Escogimos creer en un peruano noble y solidario que no existía sino excepcionalmente. En palabras del psicólogo Jorge Yamamoto, el peruano “no es muy comprometido con la sociedad salvo que haya un partido de fútbol. Vela por sus intereses, por los de su familia y, de vez en cuando, por los de sus amigos. El concepto de patria y deberes sobre la patria es relativamente bajo.” Más aún, “En el Perú no existe la conciencia de la norma. No estamos atentos a la ley para cumplirla. […] vemos lo que todo el mundo hace. Si todo el mundo hace cochinadas y temas de corrupción, le ofrecen una ventaja oscura y le dicen eso es lo que todos hacen, ‘ah, me apunto’.”
Nosotros dejamos de mirar esa realidad tal cual es. El país no siguió el camino de la modernización o lo malentendió, atribuyendo el carácter de modernidad a contar con centros comerciales, autos importados y restaurantes caros.

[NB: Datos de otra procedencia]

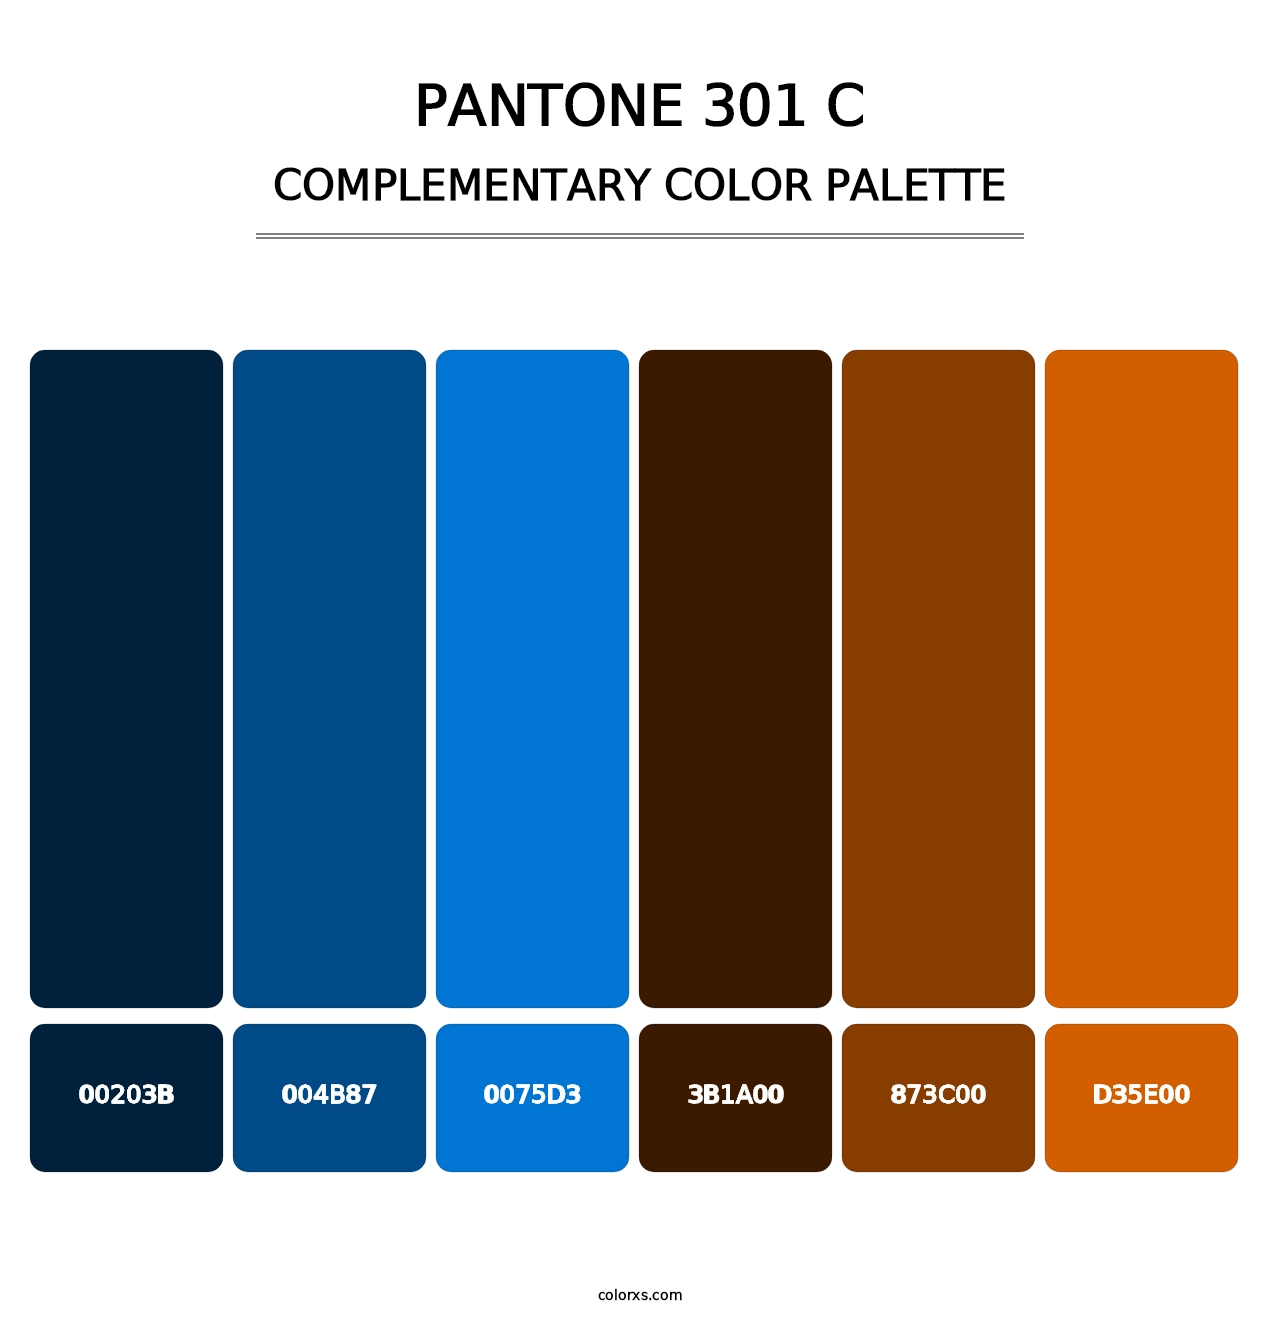 PANTONE 301 C - Complementary Color Palette
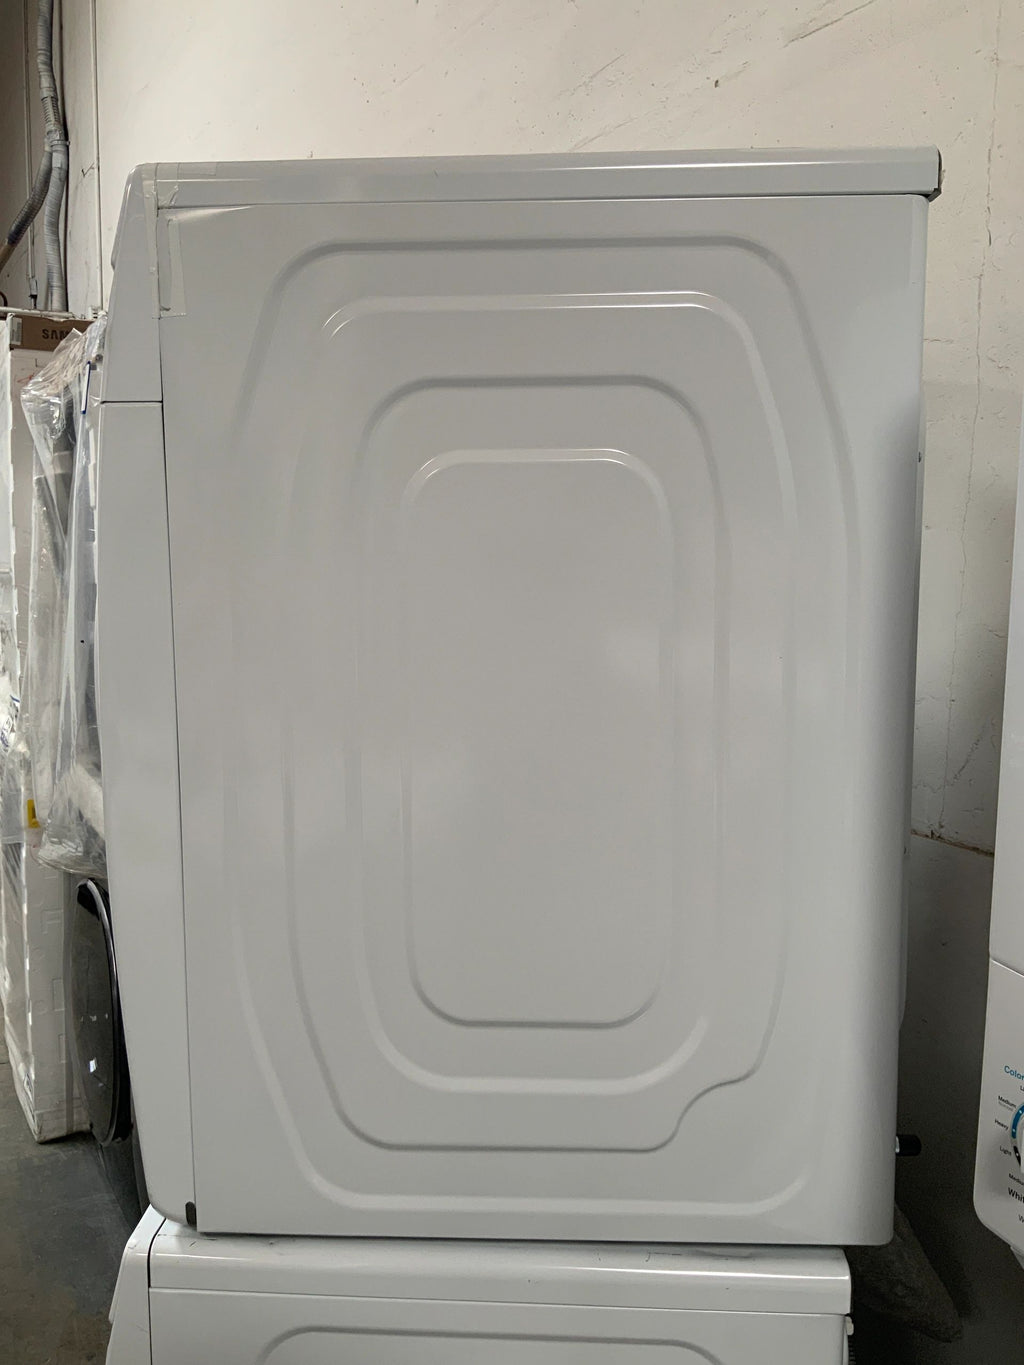 NEW Dent & Scratch. 7.5 cu. ft. 120-Volt White Gas Dryer with Sensor Dry (Pedestals Sold Separately) Model: DVG45T6000W

Pero las cabezas ─o mejor, lo que hay dentro de ellas─ de pobladores urbanos y rurales no cambiaron mucho.
Fuimos nosotros ─apodados y estigmatizados como “caviares”, expresión prestada del francés─ quienes cambiamos de modo de pensar y hablando entre nosotros, en lugares y círculos al fin y al cabo restringidos, mutuamente nos convencimos de que éramos la punta de lanza de un país distinto. ¿Cuántos somos los habitantes de esa burbuja? En definitiva, unos pocos entre más de treinta millones.
Finalmente, la realidad nos ha alcanzado. Y no nos gusta, claro. No solo porque nos repugnan algunos de sus rasgos sino porque no nos habíamos preparado para enfrentarla. Por el contrario, inventamos una realidad a la medida de nuestra ilusión. Quisimos ver un país que no es el realmente existente. Neciamente decidimos creer en su existencia.
Para algunos de nosotros es algo tarde para remontar el río. Tal vez entre los jóvenes habiten quienes tengan la capacidad para ver lo que nosotros no vimos y no desistan del propósito de cambiarlo. Así sea.